Step 3: Working Principle of the Circuit.
The Soil Moisture Sensor values depend on the resistance of the soil. The LM393 Driver is a dual differential comparator which compares the sensor voltage with fixed 5V supply voltage.
The value of this sensor varies from 0- 1023. 0 being most wet condition and 1023 being the very dry condition.
The LM35 is a precision integrated-circuit temperature sensors, whose output voltage is linearly proportional to the Celsius temperature. The LM35 operates at -55˚ to +120˚C.
The Water level Switch Contains a Reed-Magnetic Switch surrounded by a floating magnet. When water is available it Conducts.
The Arduino reads the status of the soil using the Soil Moisture Sensor. If the Soil is DRY it does the following Operations....
1) Checks for the availability of water using a water level sensor.
2) If the water is available, the Pump is turned ON and is automatically turned OFF when a sufficient amount of water is supplied. The Pump is Driven by a Relay driver circuit.
3) If the Water is Unavailable, you will be notified with a sound.
For any other conditions, the Pump remains Off and the Status of soil( Dry, Moist, Soggy), the temperature and the status of Pump are displayed on the LCD Screen.
Step 4: Arduino Code
- Connect the Arduino to your computer.
- Download the attached code and open it.
- Select your COM Port and your Arduino Board from Tools Option.
- Click Upload Button.
After the code is uploaded,open the serial monitor which displays the soil moisture sensor values ranging from 0-1023. Test the sensor for different soil conditions and note the sensor value for most appropriate soil condition and edit the values in the code for your application. If you want to change the sensitivity of the sensor for different soil conditions alter the values of the 3 conditions commented in the Code.
The temperature is calculated using the following formula X = ((Sensor value) * 1023.0)/ 5000
Temperature in Celsius =( X/10)
Step 5: Implementation and Testing
The following steps can be followed to test the project.
1) Connect the Arduino to the power supply (5V) via USB or External power source.
2) Bury the moisture sensor in the soil. Better place the sensor near the roots of plants for accurate measurements. Note: The wiring terminals are not waterproof.
3) Connect the Water pump to the Relay (N/O and Common terminals) and switch ON the mains. Refer the Circuit for connection details and pinout.
WARNING: HIGH VOLTAGES. UNDERSTAND THE WIRING BEFORE YOU PROCEED.
4) The temperature sensor can be placed on the PCB itself or on the soil. Do not immerse the sensor in water.
5) The potentiometer can be varied to adjust the LCD brightness.
6) Place the water level sensor in the water container/tank.

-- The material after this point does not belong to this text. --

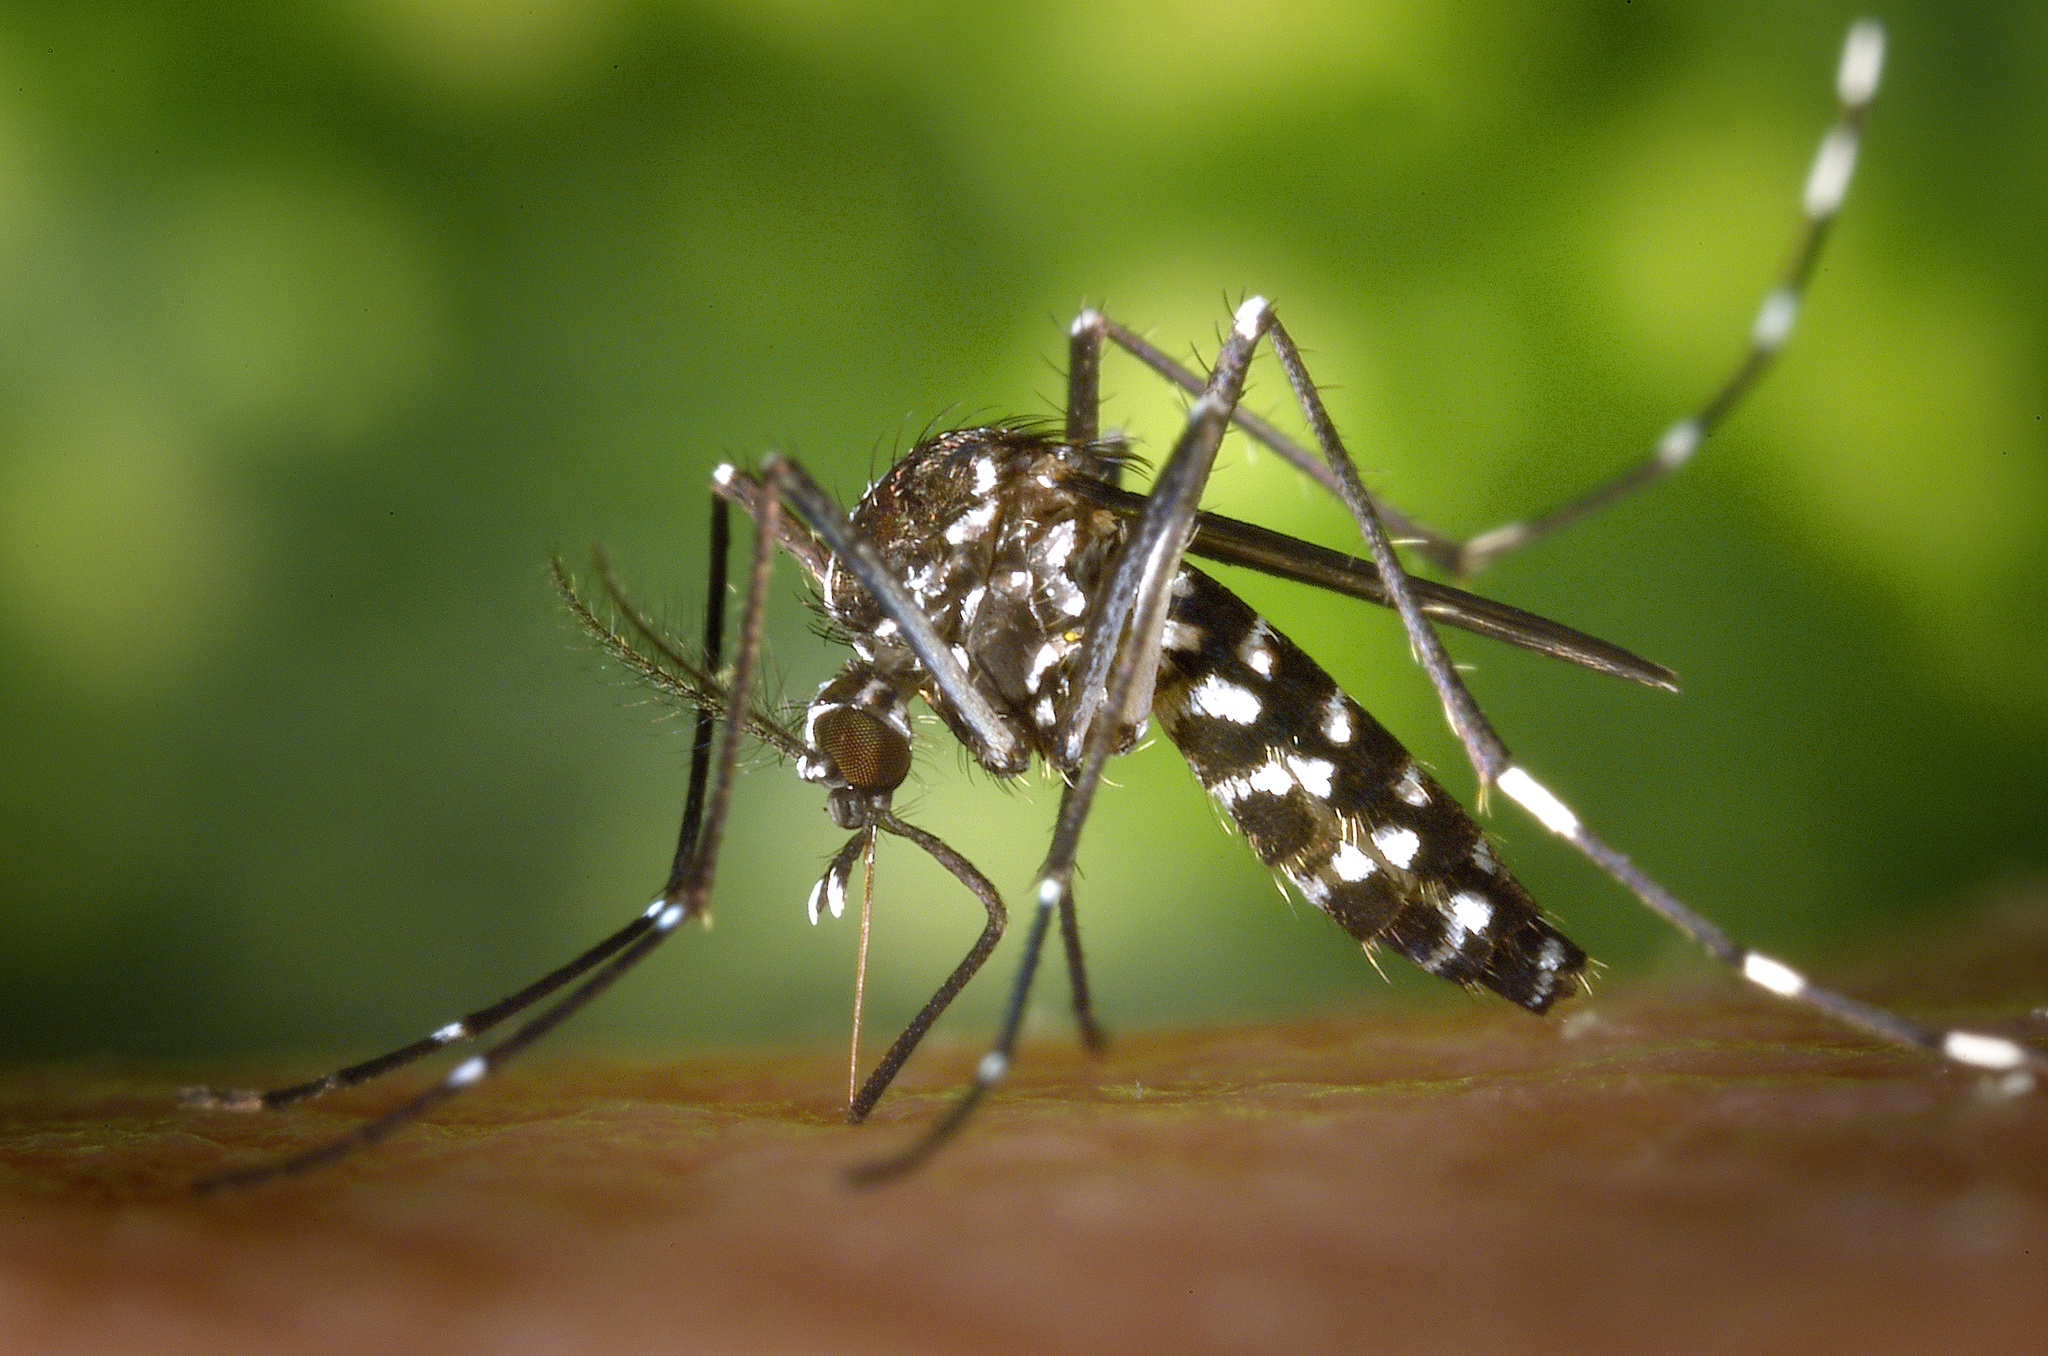 Un moustique transmettant la dengue ou le Zika détecté à Lisbonne, mais pas préoccupant |  Santé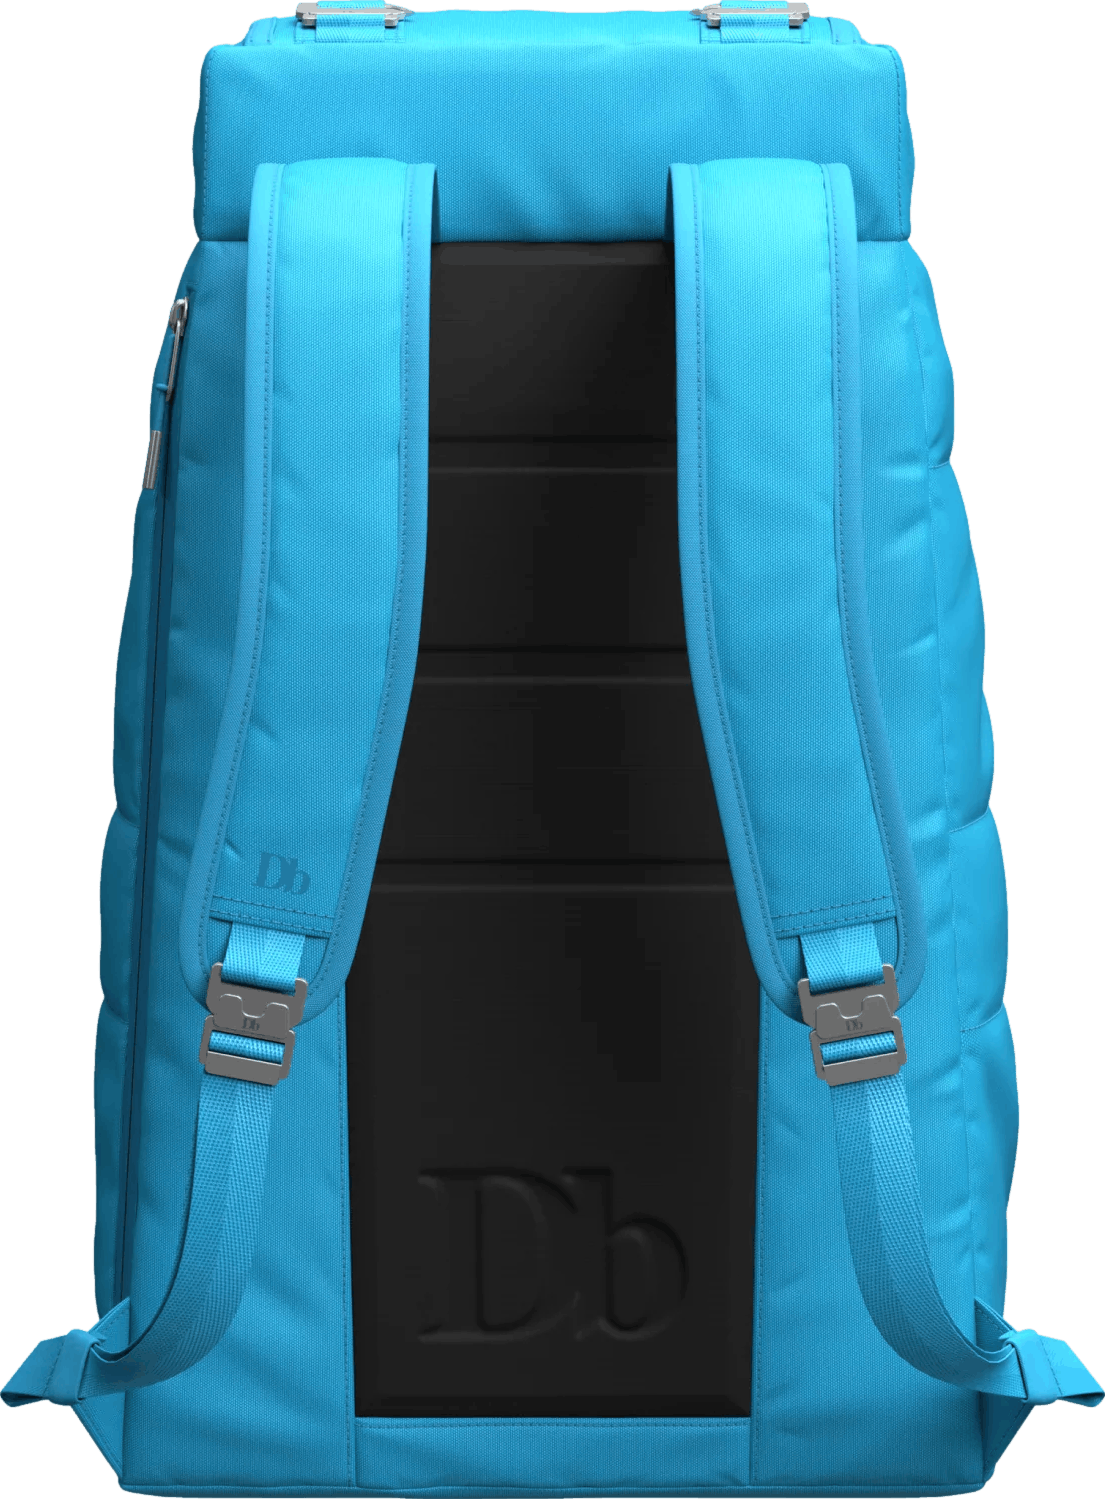 Db The Strøm 20L Backpack

I have implemented this in my home garden and have placed the sensor near one of the plants. Also, I have placed the Pump and the water level sensor in a bucket of water. In the video, you can see that when I drop the water level sensor into the water the Pump is turned on until the soil becomes moist.
Although this works perfectly, there are minor bugs and improvements that can be made in this project. A Bug was reported for unstable temperature readings when both the sensors work together. I Will update if the bug is solved.
Further improvements users can implement:
- Add IOT feature for data analysis and remote control.
- Integrate with Drip Irrigation and multiple sensors at different places on the field.
- Improvise on the sensor performance so that it can be implemented in deep soil.
- Use more reliable temperature sensors.
- Humidity control and temperature control for greenhouses.
- Water mineral content and fertilizer concentration analysis.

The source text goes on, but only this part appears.